I admit to being a big fan of this recycling fashion idea. I’m lucky to have quite the stylish mother and even luckier that she’s held onto some key designer pieces from the 80s. Today, shopping second hand is encouraged and vintage boutiques are gaining popularity among the young, but I’ve stumbled upon a real goldmine– my mother’s closet. I adore mixing her vintage clothing with my own updated wardrobe to create a look all on my own. I’m not just being environmentally friendly by reusing the clothing, but this doesn’t put a dent in my piggy bank and I can rest assured that no one will be wearing the same outfit at an event or a night out.
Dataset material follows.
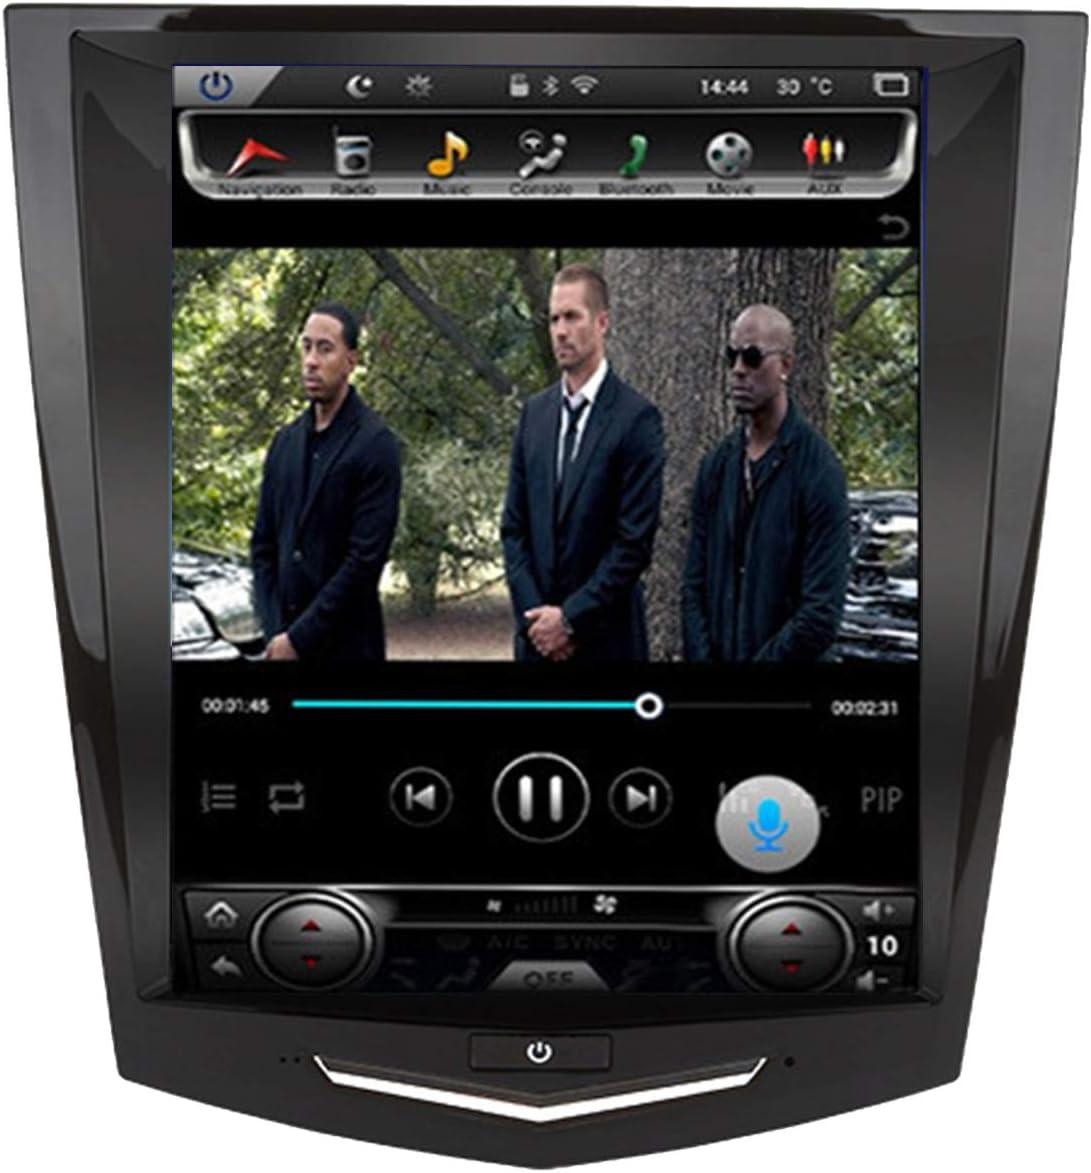 Amazon.com: FLYUNICE 10.4 Inch Tesla Style 4GB RAM Android 9.0 Car Stereo  Radio GPS Navigation for Cadillac XTS 2013 2014 2015 2016 2017 2018 Touch  Screen Head Unit Multimedia Bluetooth WiFi SWC: GPS & Navigation

I’ve taken new ownership of the amazing long sleeve dresses from Paris, the crisp blazers and a couple pairs of high-waisted pleated pants that my mother rocked back in the day. The accessories and handbags are simply icing on the cake. It’s these high quality and unique garments that get me the most compliments in and around the city. Fortunately not everything needs to be recycled when it comes to the 80s. I’m positive most are not missing the unflattering MC Hammer pants, the mismatched fluorescent socks or the perm for that matter. All those faux pas can stay back in the 80s where they belong.

As the world of fashion borrows elements from decades past, there’s still much to be considered. When looking at the bigger picture, a fashionista must ask oneself if we’re still making moves on the fashion front. I’m all for vintage goods, but I often wonder if we’re still setting trends and not just recycling or tweaking them all.